*Required work*. Every line of the material below needs to be copied exactly; omit the pictures.

*** Dataset content ***

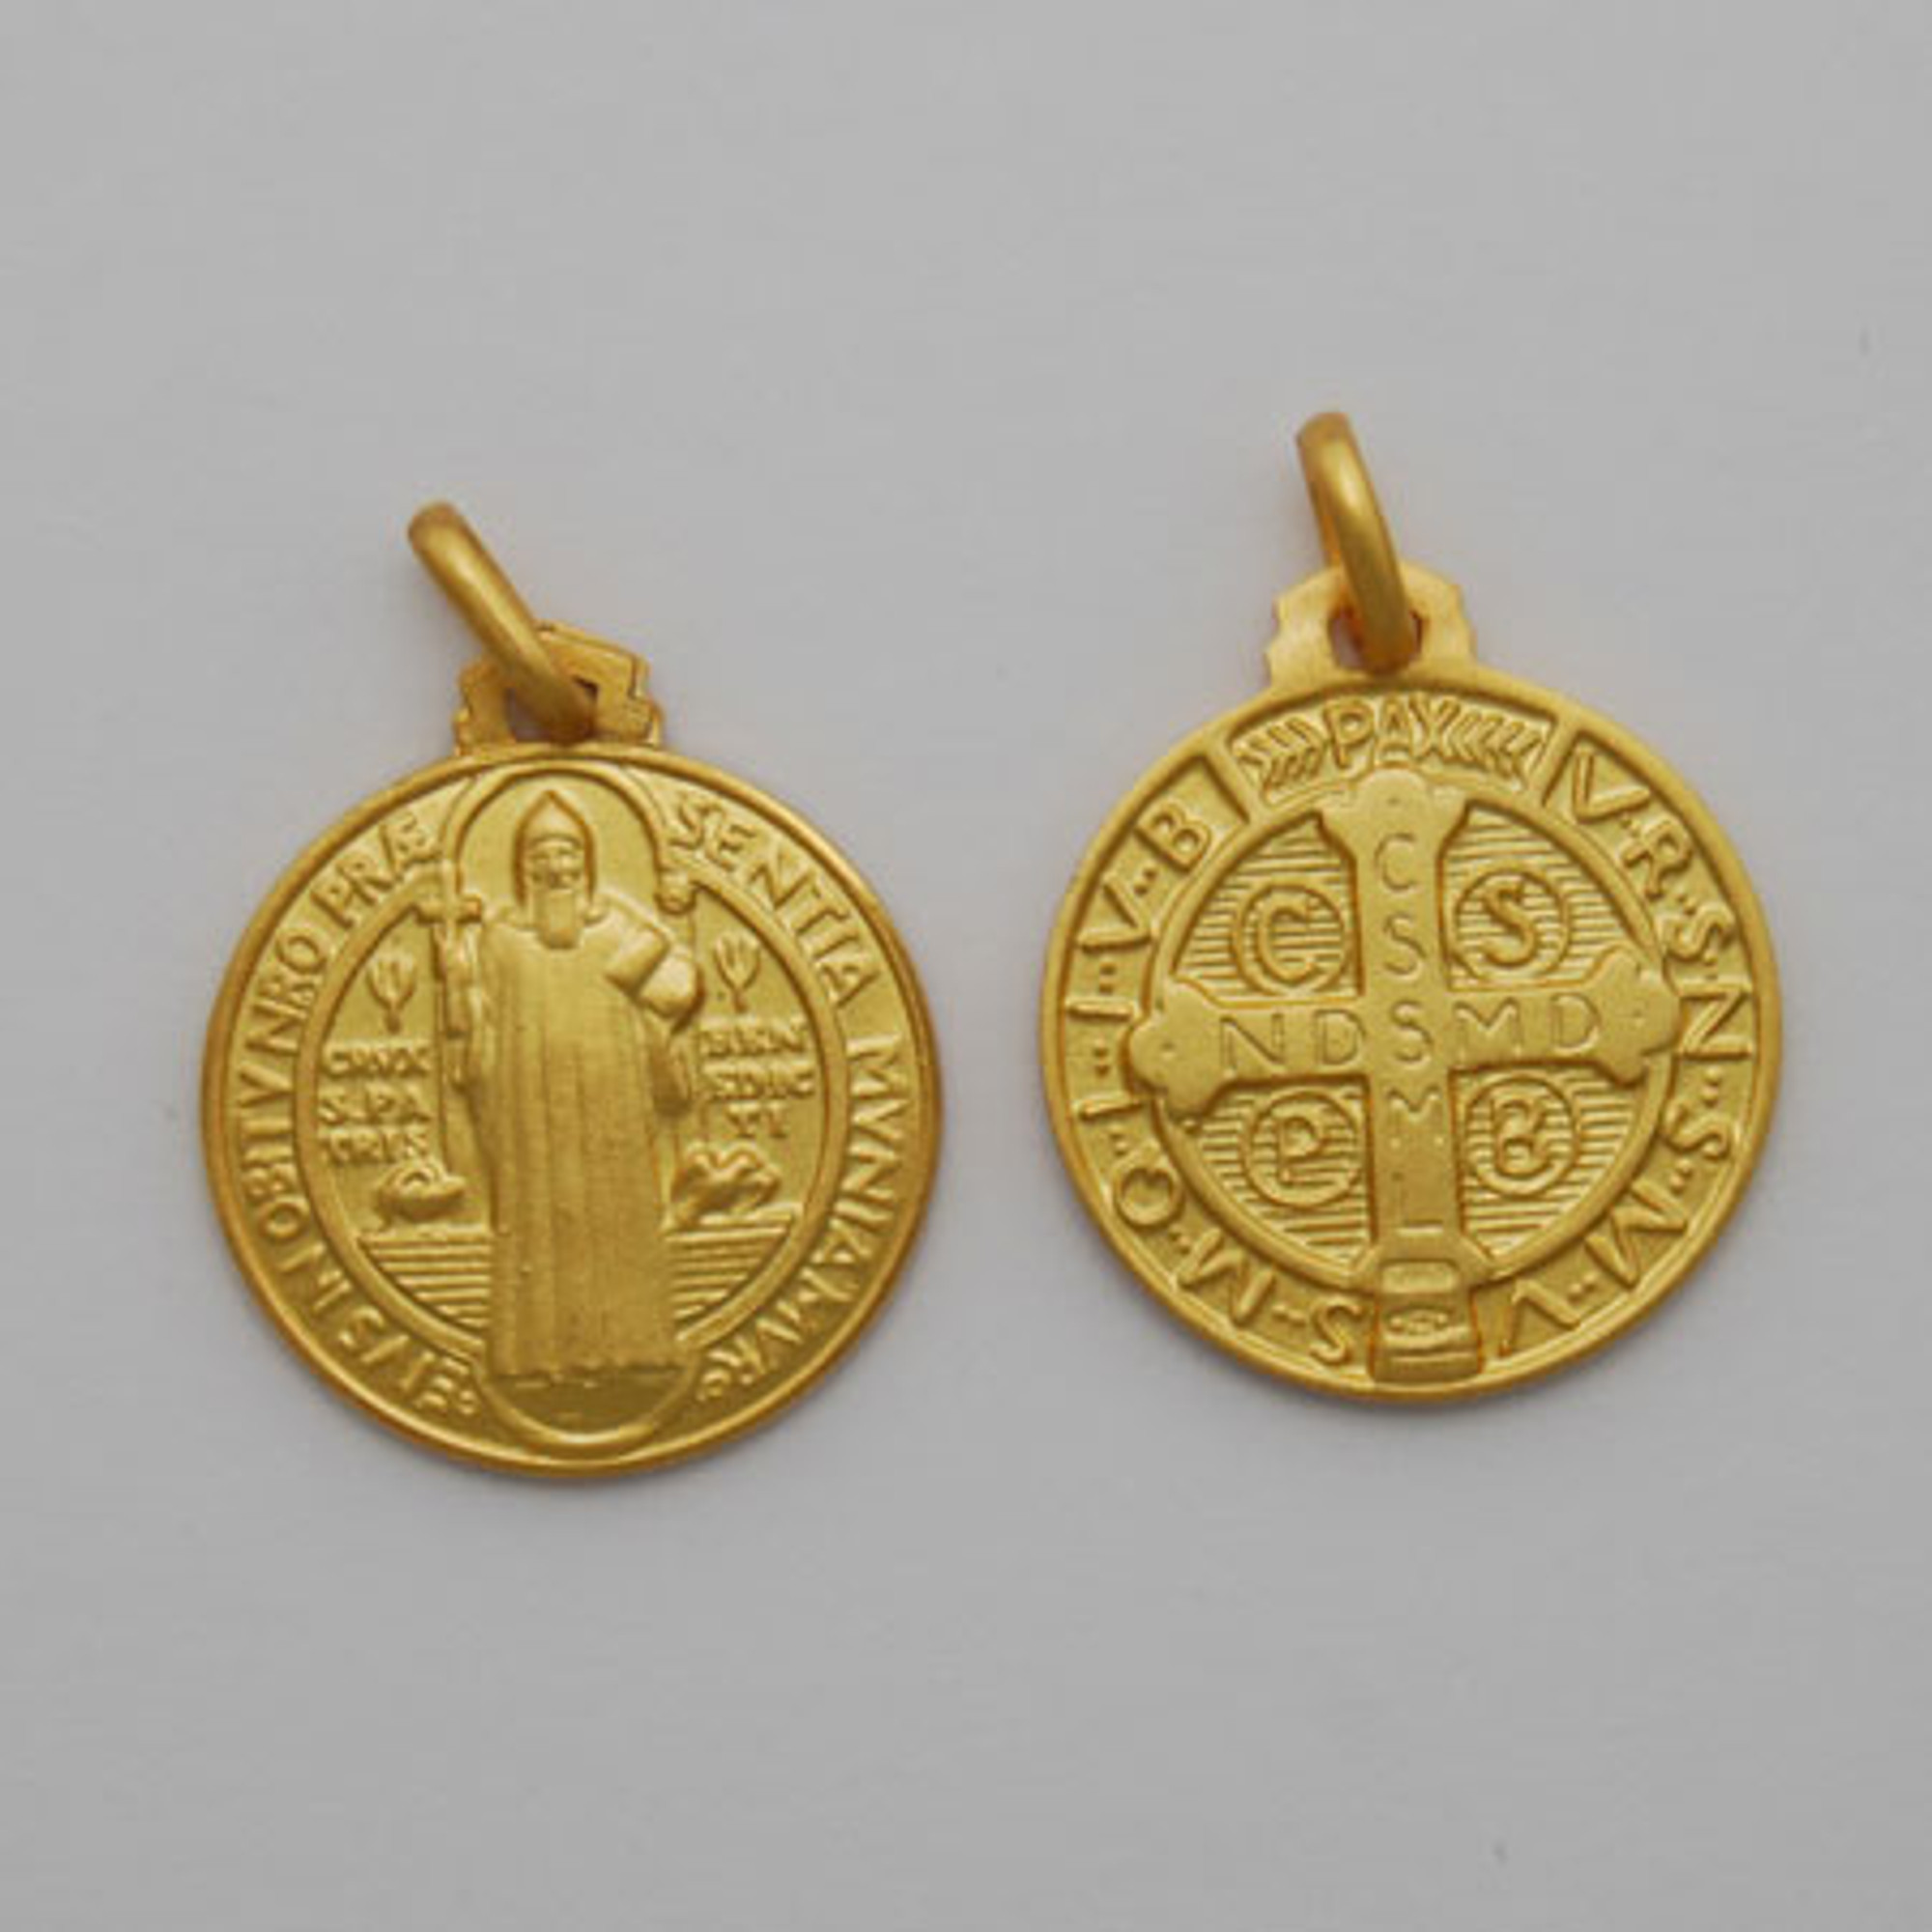 St. Benedict Medals - Round
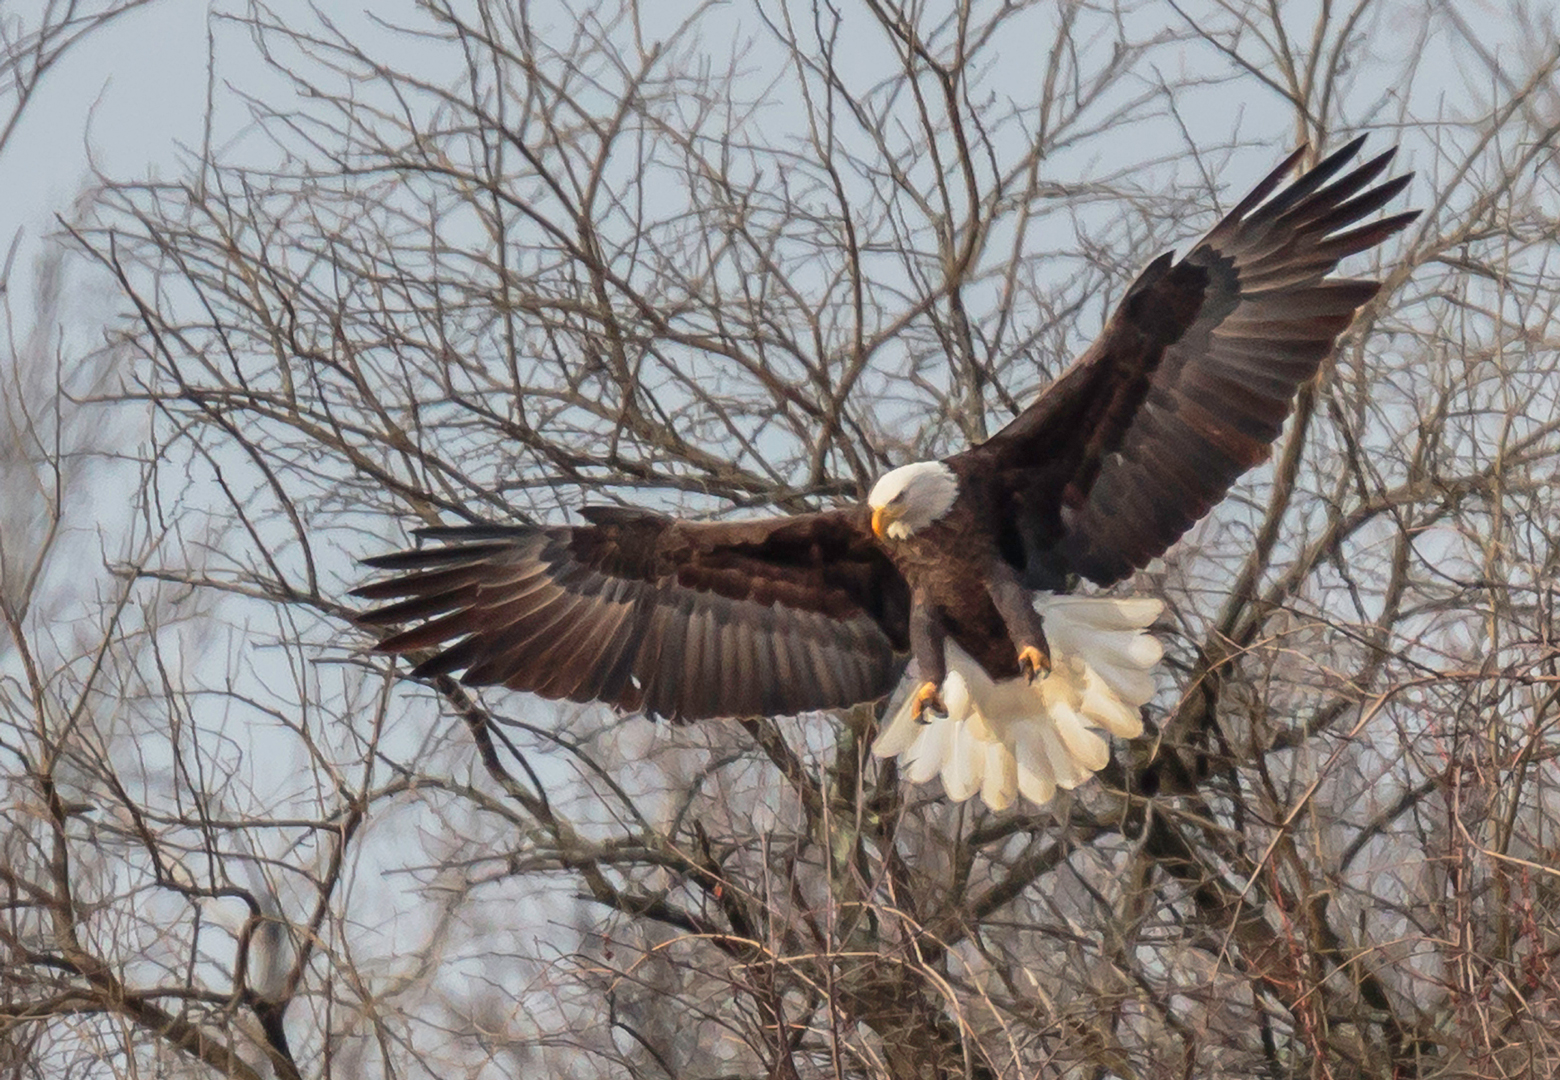 Eagle in flight at Pickerington Ponds Metro Park
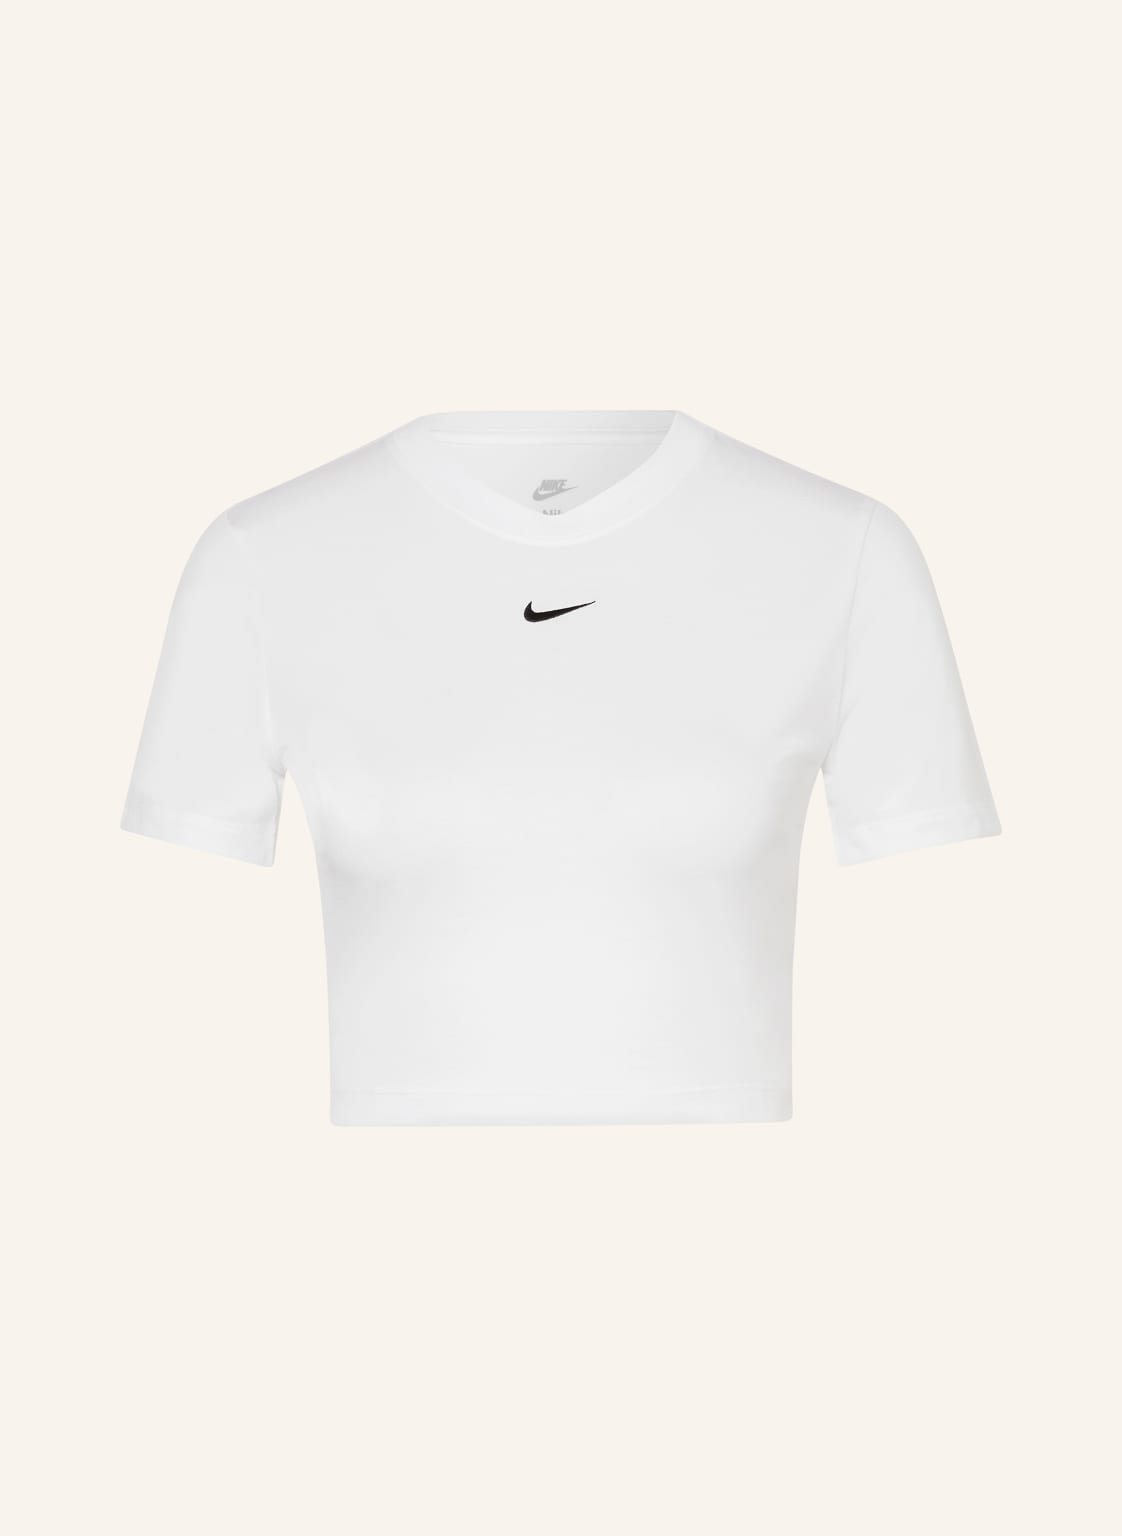 Nike Cropped-Shirt weiss von Nike

*** End of Dataset content ***

*Result for this task*.
 St. Benedict Medals - Round
 Eagle in flight at Pickerington Ponds Metro Park
 Nike Cropped-Shirt weiss von Nike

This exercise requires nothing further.